Viktoria is beautiful and challenging for many reasons, not only because of her audiovisual and poetic qualities, but also due to the fact that the film may be interpreted in different ways. The fantastic reviews in multiple outlets (Screen, The Hollywood Reporter,  IndieWire to name a few) did a great job decoding the personal and political past woven into the plot. Still, more details and angles are yet to be discovered, and I hope that this interview, conducted at the quay of the LantarenVenster movie theatre in Rotterdam, could work as an elucidating close-up.

Viktoria by Maya Vitkova

Yoana Pavlova: You just arrived from Sundance, where a lot has been discussed about women in cinema, you were interviewed there on a few occasions on this topic, and here, at IFFR, a lot has been said about the state of Europe these days. What context do you think is more relevant to the subject of Viktoria – women or the place of Bulgaria in Europe?
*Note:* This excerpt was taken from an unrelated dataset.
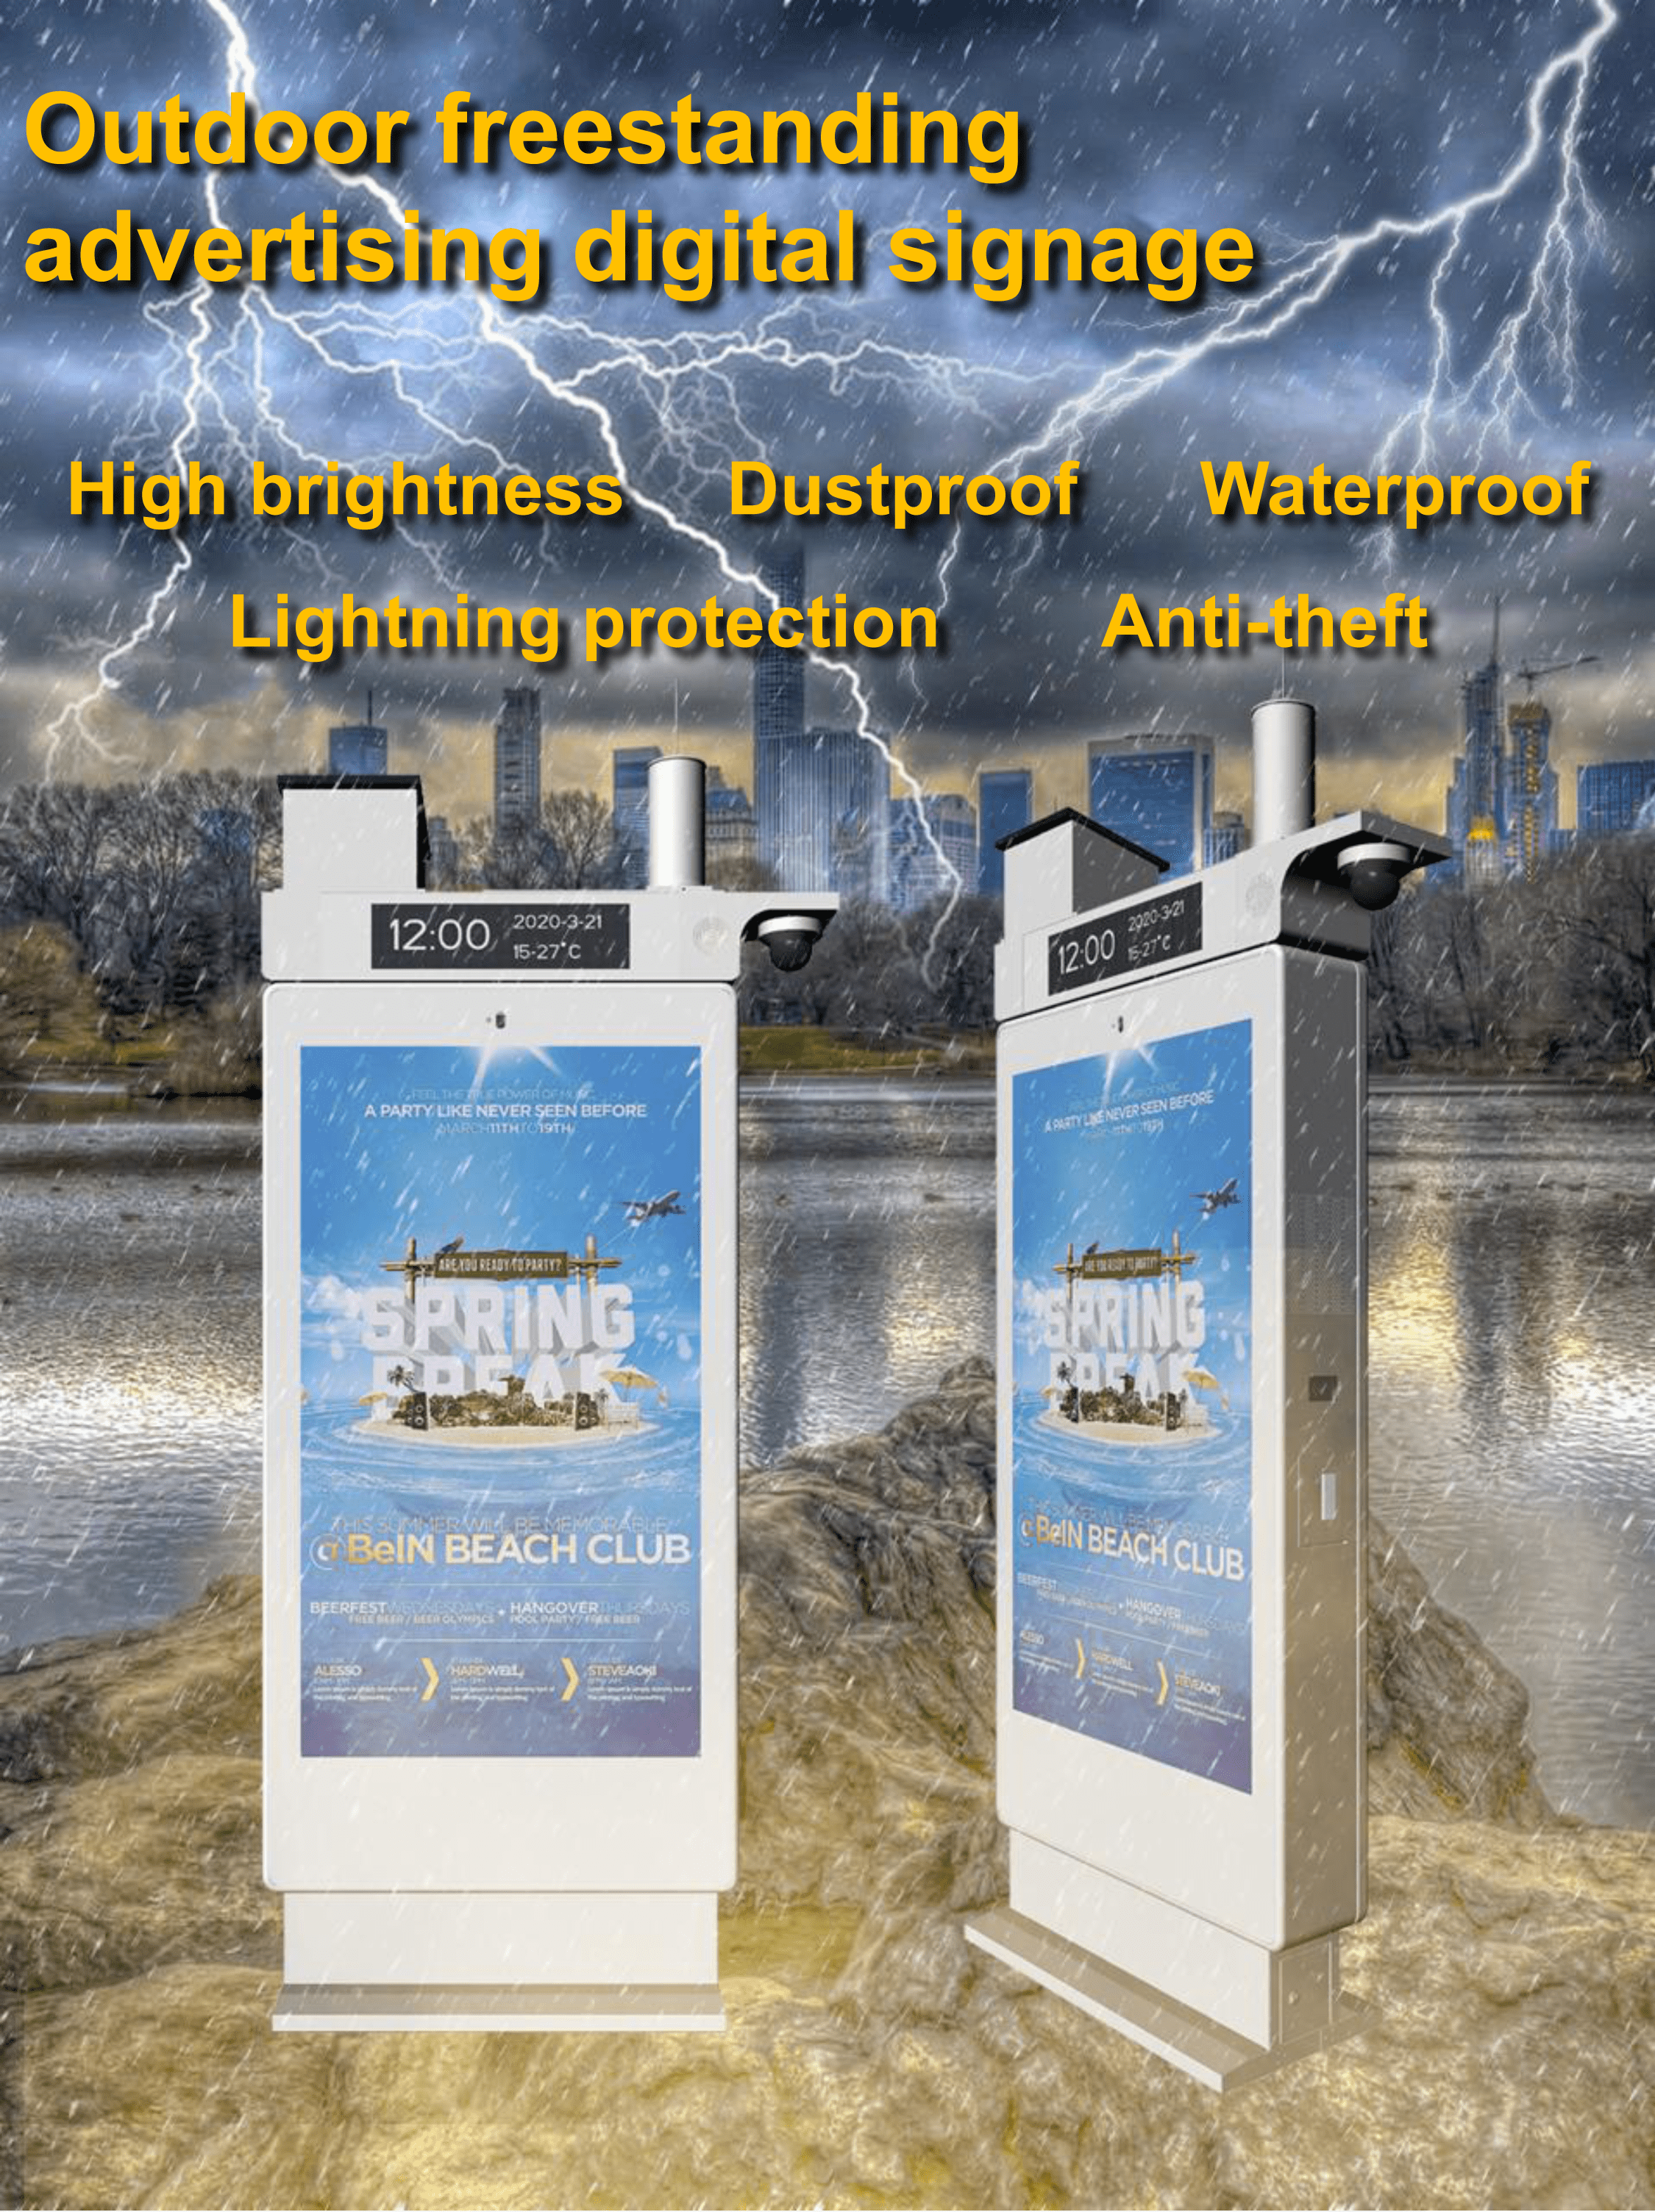  Outdoor Freestanding Advertising Digital Signage with lightning and explosion protection display
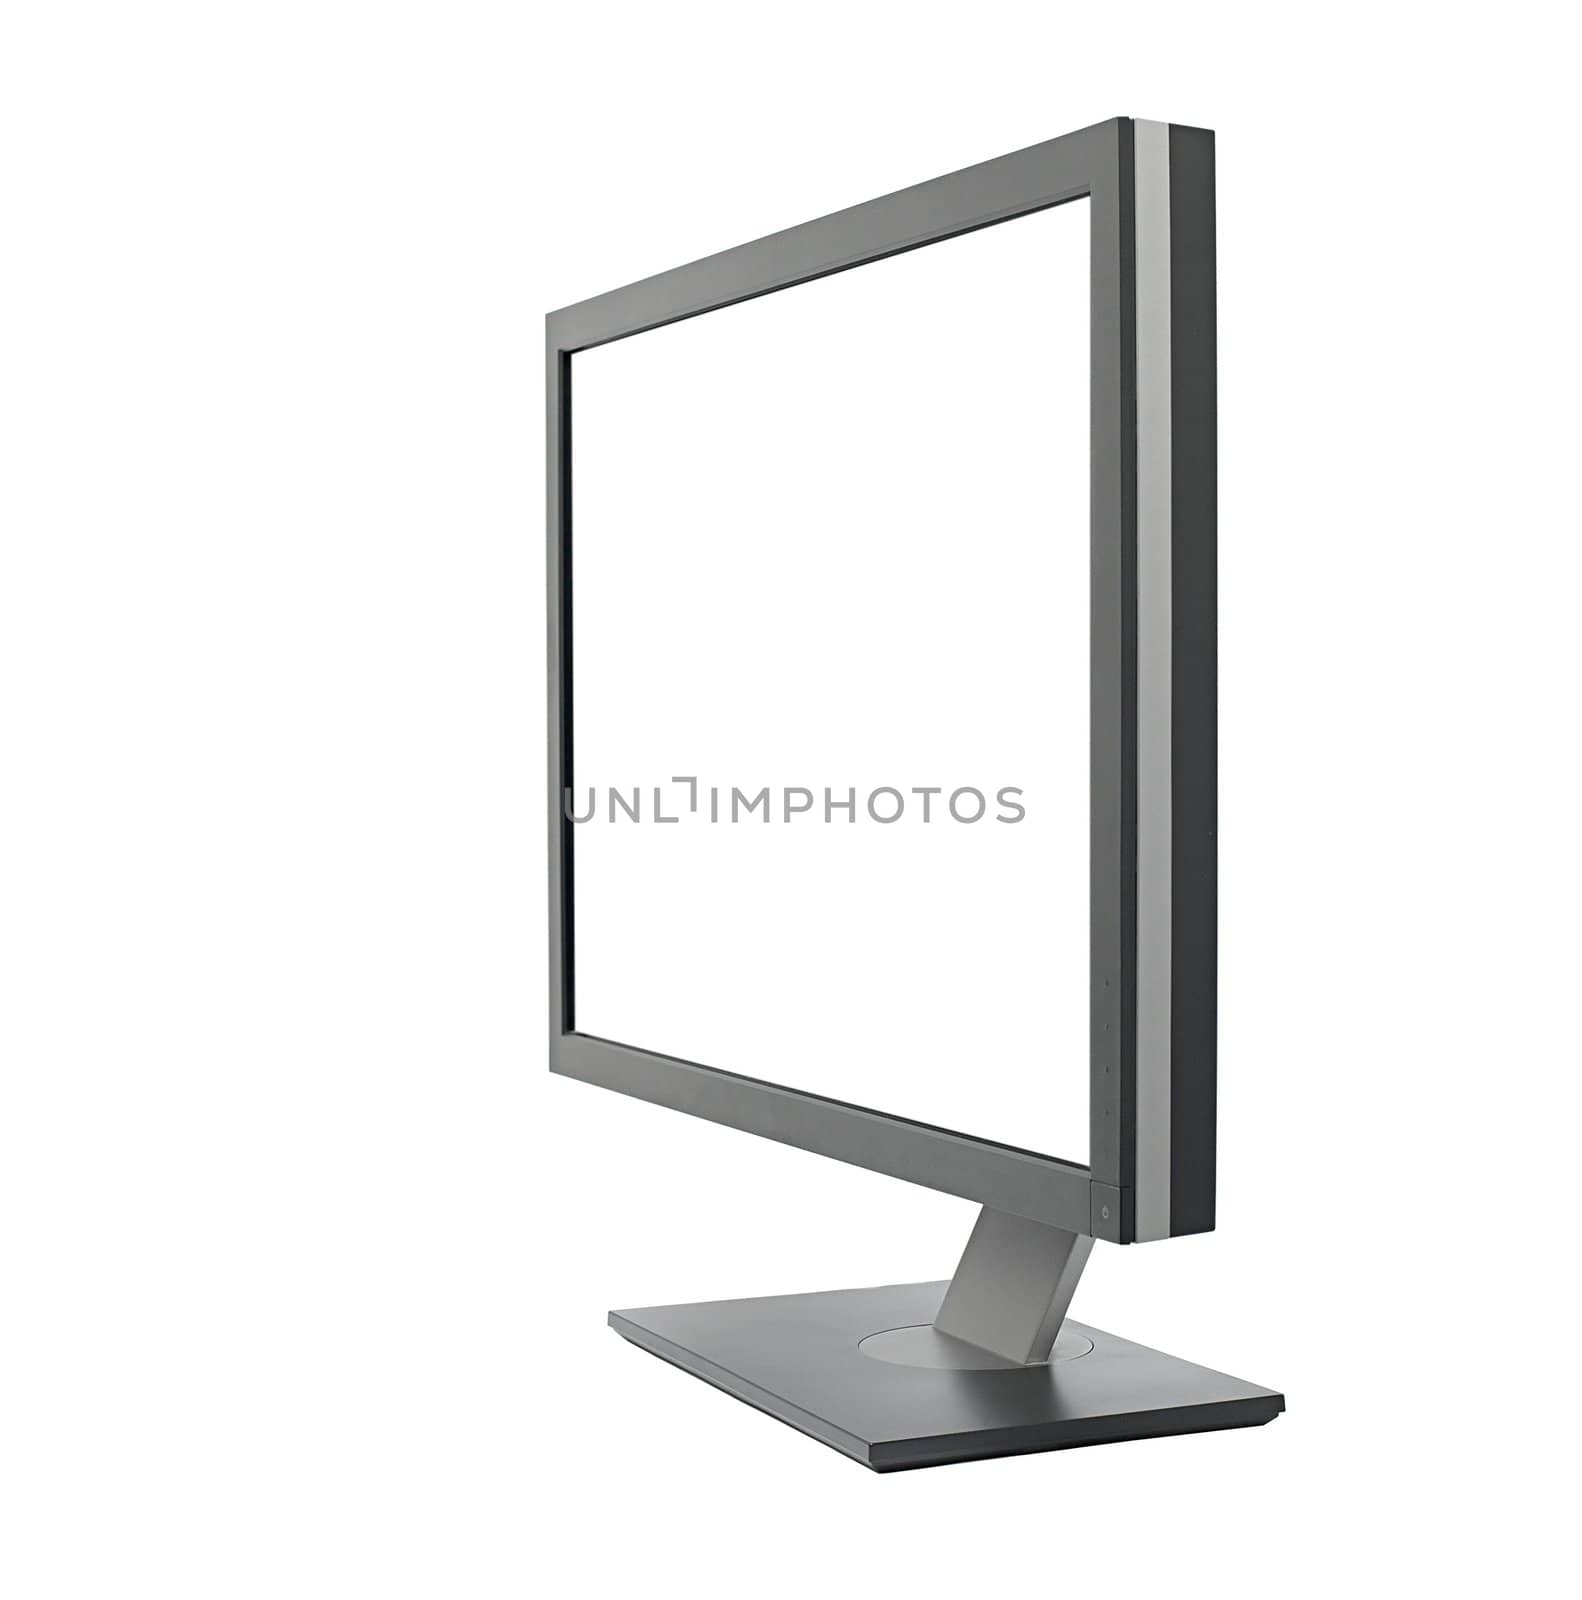 LCD monitor with blank screen isolated on white

Maya Vitkova: I think both. I have never thought of myself as a female director, to be honest. Not that I am in denial or anything, but it was very interesting to see how important the Americans think is the fact that you are a female director and I appreciate it. In terms of financing your film, it is never easy, when you are a woman, I agree with that. In terms of making an entire crew work for you, when you are a woman, and especially having in mind that I am the writer, the director, and the producer of the film Viktoria.
I have been meeting a lot of difficulties, especially when I was closing deals, because in Bulgaria there are still people who are, let΄s say, cheating on deals, and even if you have a solid contract, which I did, I always had problems with people, you know, now and then. But the good thing is that I have a fantastic lawyer, and he told me one thing: “No matter what is written in the contract, there is always someone who is breaking it. So you have to be prepared!” And I am prepared for the worst, always. That said for the female part.
Then, if we are discussing Bulgaria in the European context, I wish that we could use more assets of this – I prefer to be in an European co-production, I prefer to work with more European colleagues, I prefer to be more in the context of Europe than I am in the moment. I think that trying to finance a film only nationally is a mistake. You should try and finance it internationally, especially as an European co-production, yet if you are doing this, you should be aware that it is much more time-consuming, and then there are going to be more people wanting to read the script, there are going to be more comments – all this will probably take ages. Again probably, the best way is to have a very good first feature, so then you can start and do it the way you think it should be done.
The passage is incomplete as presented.